#### Recorded information
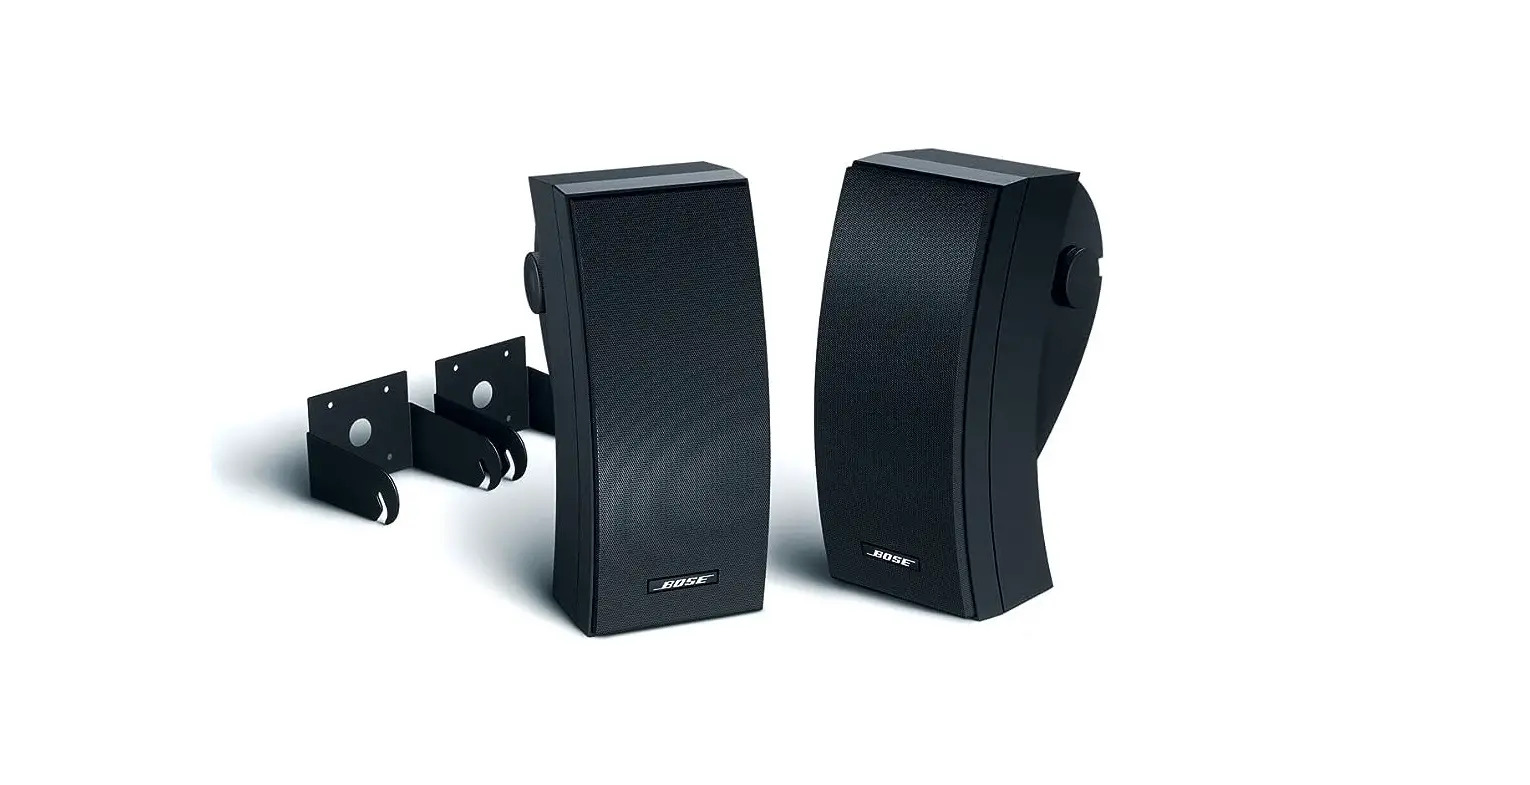 251® environmental speakers
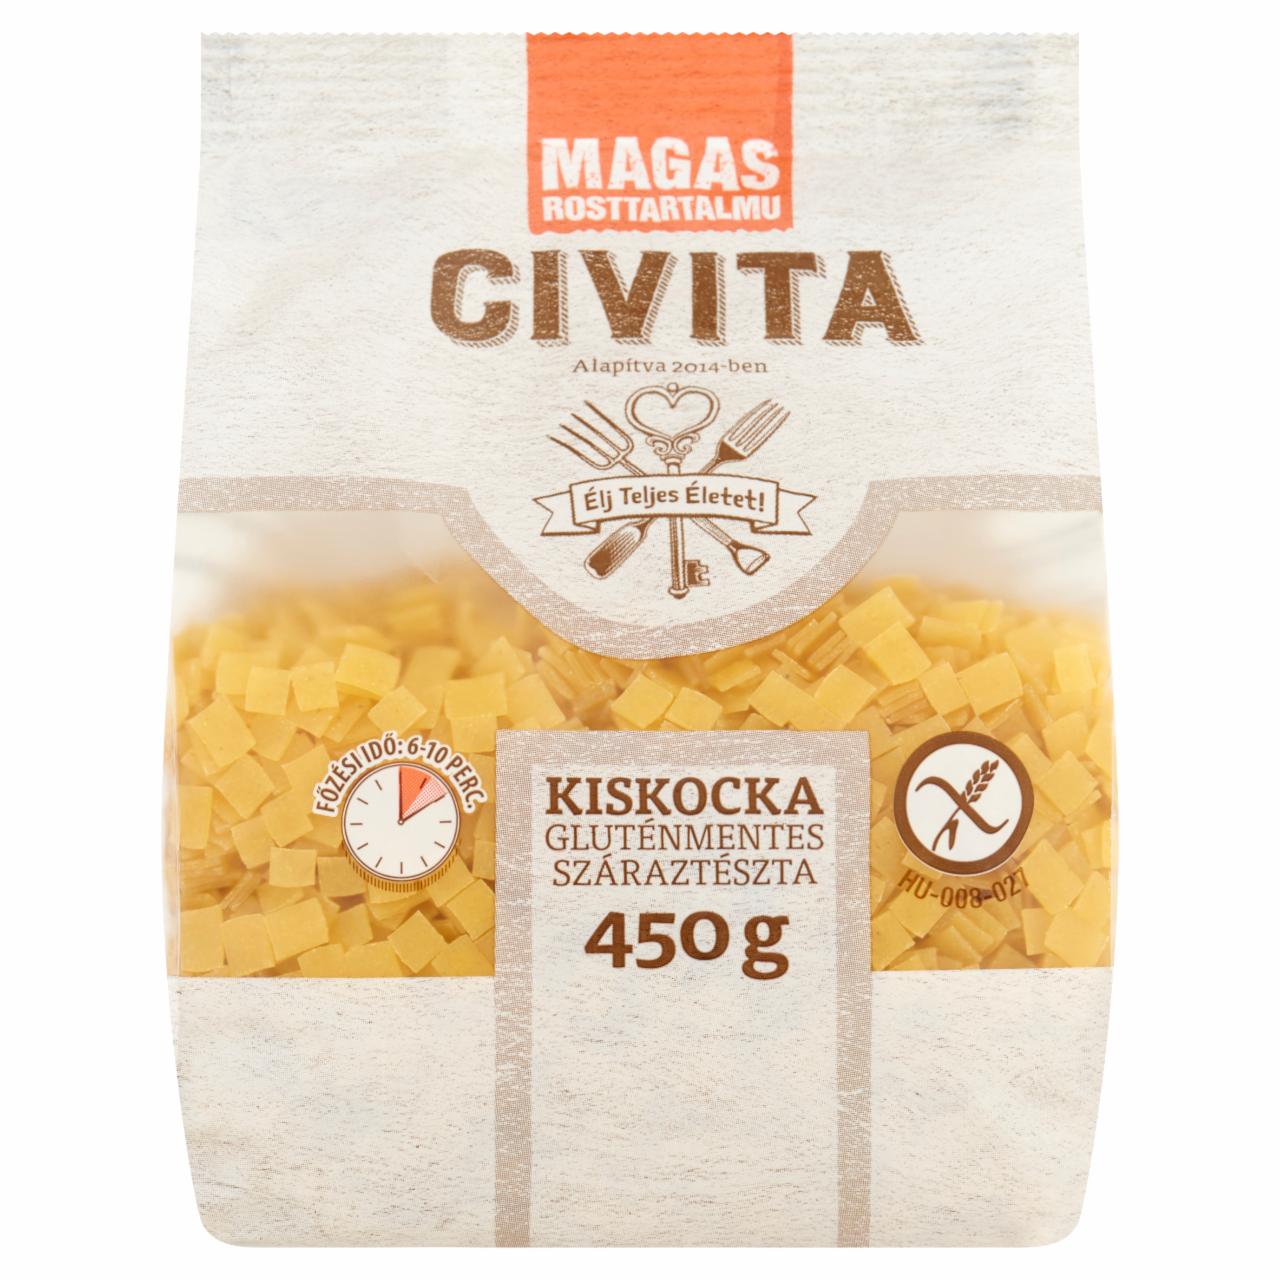 Képek - Civita kiskocka gluténmentes száraztészta 450 g
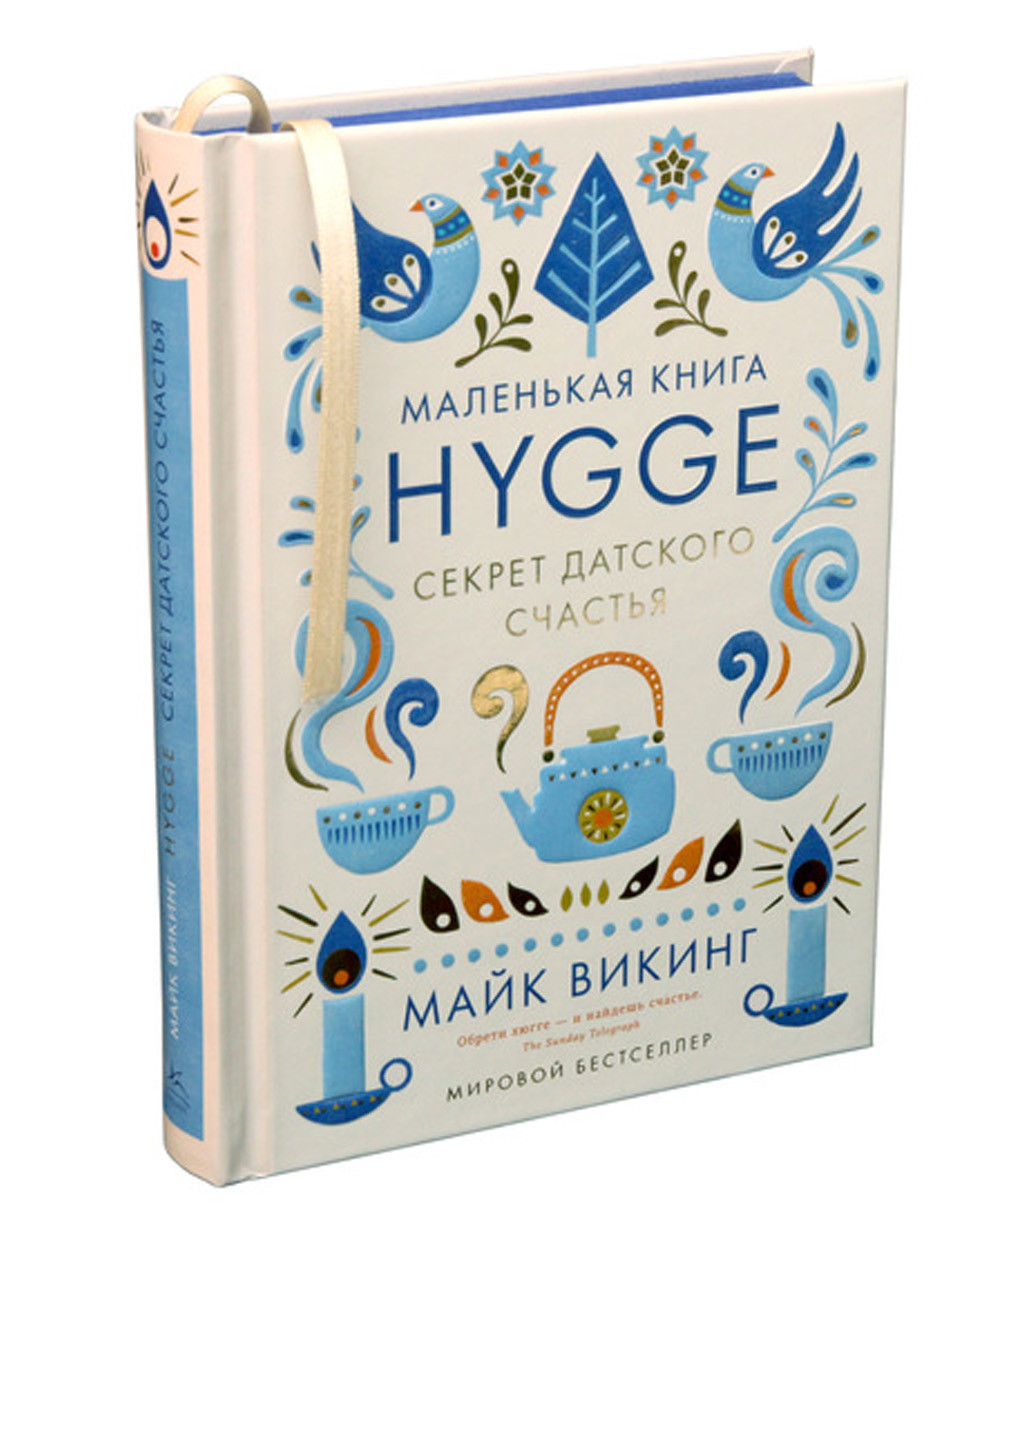 Книга "Hygge. Секрет датського щастя" Издательство "Колибри" (17638784)
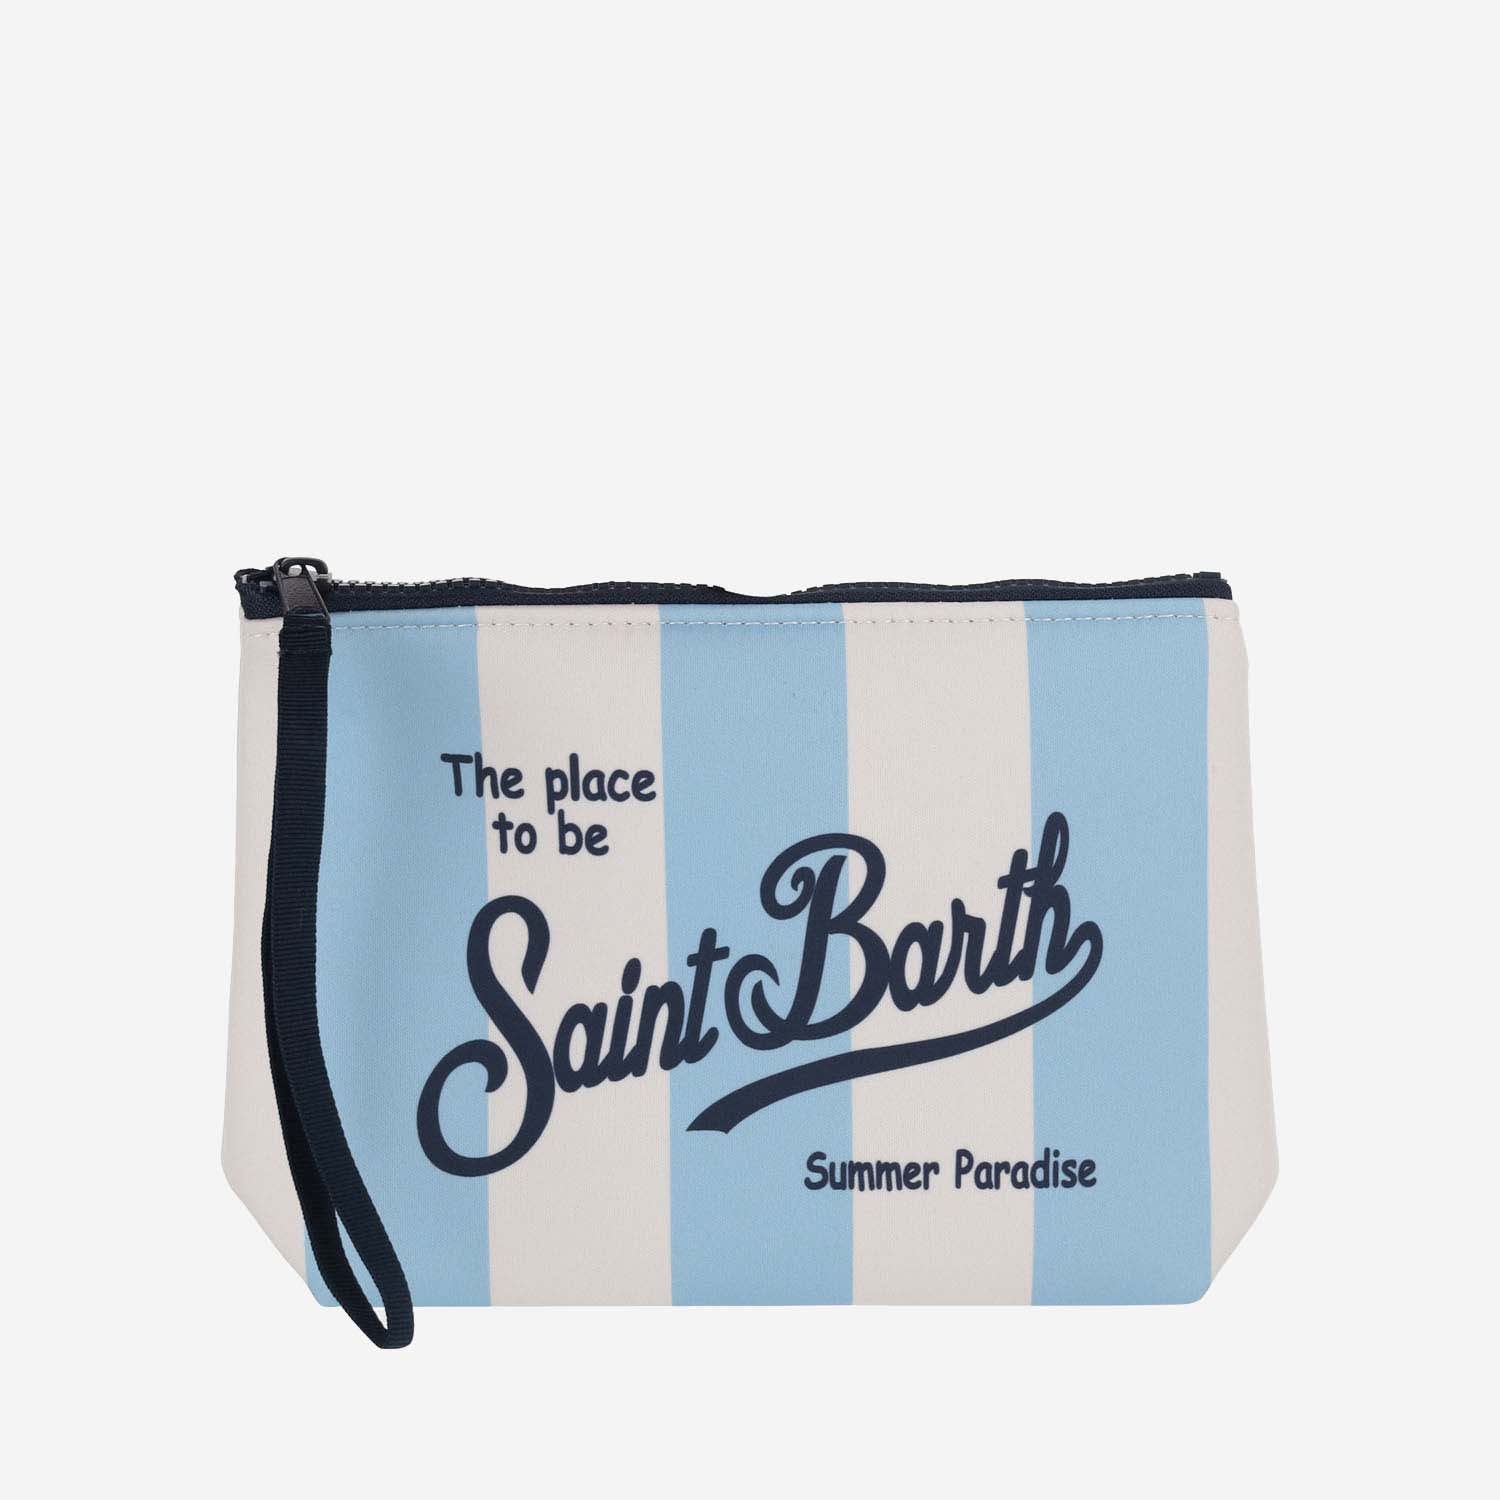 Scuba Clutch Bag With Striped Pattern Clutch

#### Action item
Transcribe every line of the data exactly. No pictures go in the copy.

#### Solution to the problem
 251® environmental speakers
 Képek - Civita kiskocka gluténmentes száraztészta 450 g
 Книга "Hygge. Секрет датського щастя" Издательство "Колибри" (17638784)
 Scuba Clutch Bag With Striped Pattern Clutch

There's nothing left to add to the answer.